JV: I'm very quiet when I go out. I have a drink, look down and chew gum and a lot of people think I come off as a bitch. It's not true. It's just self-consciousness. I used to be overweight until I was 19. After I lost 80 pounds the response was ridiculous. I put myself through that hell and now you pay attention? I wasn't prepared for it and it left an unsettling feeling with me. The more I learned about the gay community the more body conscious and stressed I got. I wanted to be that beautiful guy and approach a beautiful guy. And even now I can't. I think a lot of it has to do with being overweight and being judged.
LF: When you lost the weight did you revel in the attention or think screw you, you didn't help me bake the bread so you can't have a slice.
JV: It was a little bit of both. It depended on how the person approached me. There's that up and down look that makes you feel gross and then that genuine 'how are you?' approach. So it depends on the person. I try not to be jaded and keep an open mind about everyone.
LF: Would you say you have a mentor or idol?
JV: George Michael would be it. I met him last year.
LF: Was he the one at the urinal?
JV: No! ( laughs ) He was doing an autograph signing at Virgin on Sunset Boulevard. I needed to meet him because you have that thing where you dream about meeting a person you admire so much you want to make sure they live up to all your expectations. And he did. I watched him for so long, how he was with all his fans. He was so incredibly sweet and warm. I didn't want anything from him. I didn't wait in line to get a picture or autograph. I just wanted to give him a copy of my demo to say 'hey, you helped create this. You're amazing and I respect what you do and everything that's happened in your life, I just want to say thank you.' So I gave him something as opposed to asking for something. He would definitely be someone I would love to collaborate with in the future.
LF: What do your parents think of your appearance in Eating Out?

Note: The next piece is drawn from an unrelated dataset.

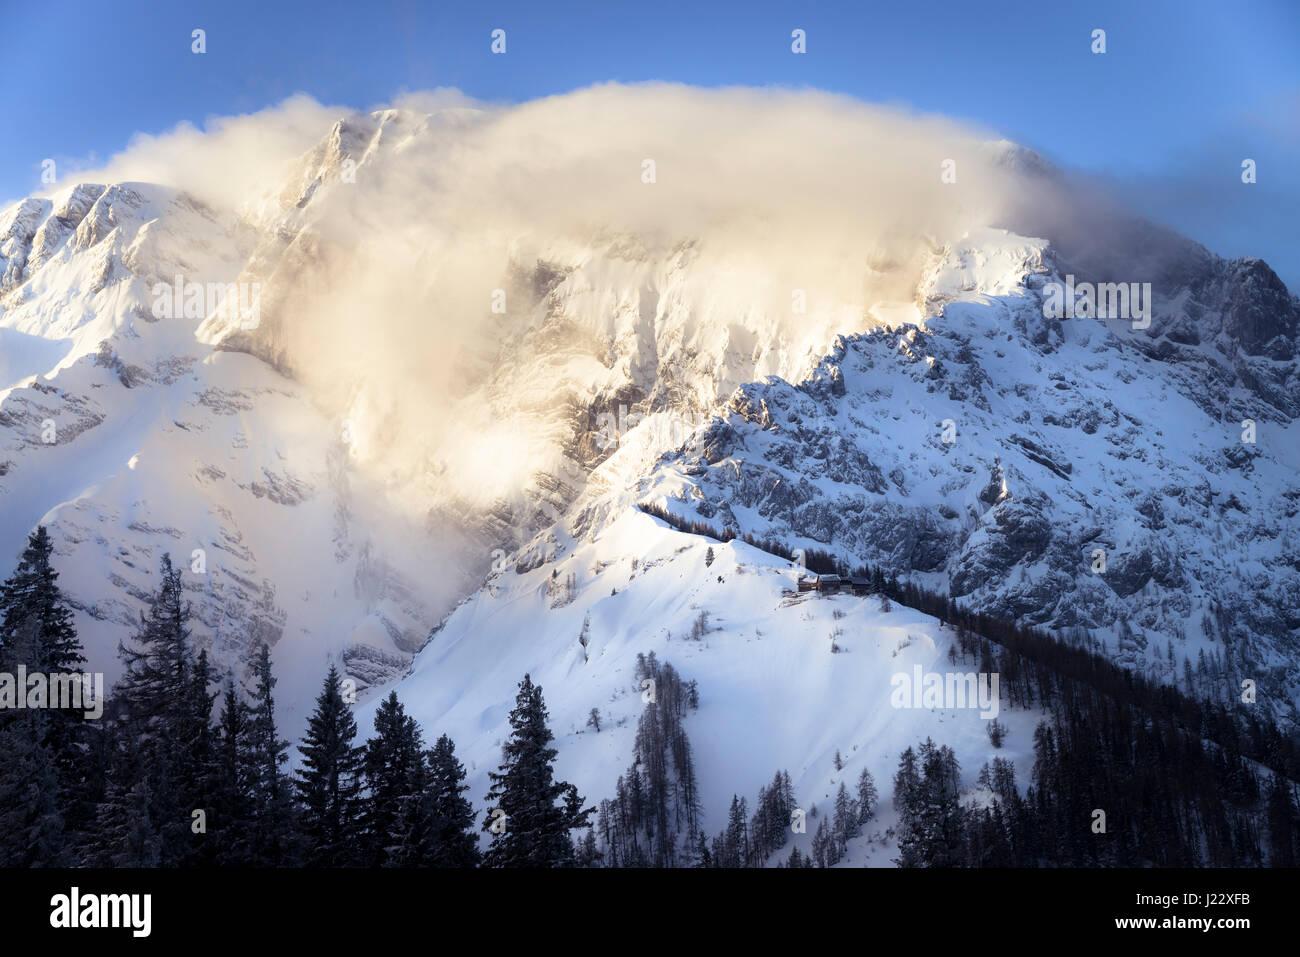 Germany, Bavaria, Berchtesgaden, Purtschellerhaus on Hoher Goell at sunrise Stock Photo

JV: My dad has not watched it, he will not see it. His choice. And I can understand that. He's been really amazing as far as dealing with my sexuality. Sometimes they're just not ready. It's hard for parents to see their child engaging in that type of thing and that's fine. My mother saw it twice. She and I have watched it at home together and she loved it. I have to interpret for her for most of it, but she loved it and is proud of it and happy for me. And Ryan's on Desperate Housewives now and she's like 'oh, you kissed a celebrity, how exciting!' She's very gay friendly, very with it. She's grown up with gay friends and living in a deaf world she's come a long way. As far as my career is concerned they're very see-it-to-believe-it type of people. So even though I say I have a record coming out they're like 'OK, that's cool. Will you sell more records than Kelly Clarkson?'
LF: Do you want to act more?
JV: It depends on the project. If it sends a good message or I can relate to or if it's funny or can make me grow within the craft then definitely. I don't want to be playing boys-next-door roles for the rest of my life. I want to play a crack whore! That druggy! Gritty roles.
LF: Who are you gonna vote for on AI this season?
JV: I like Mario and I love Mikalah. I think she's adorable and spunky and so pretty. She reminds me of Nelly Furtado a bit.
LF: Would you do a duet with Clay?
LF: But you could help him come out.
JV: No. I wouldn't. Uch. I couldn't. I'd rather duet with Kelly or George Michael. Oh no. Gross.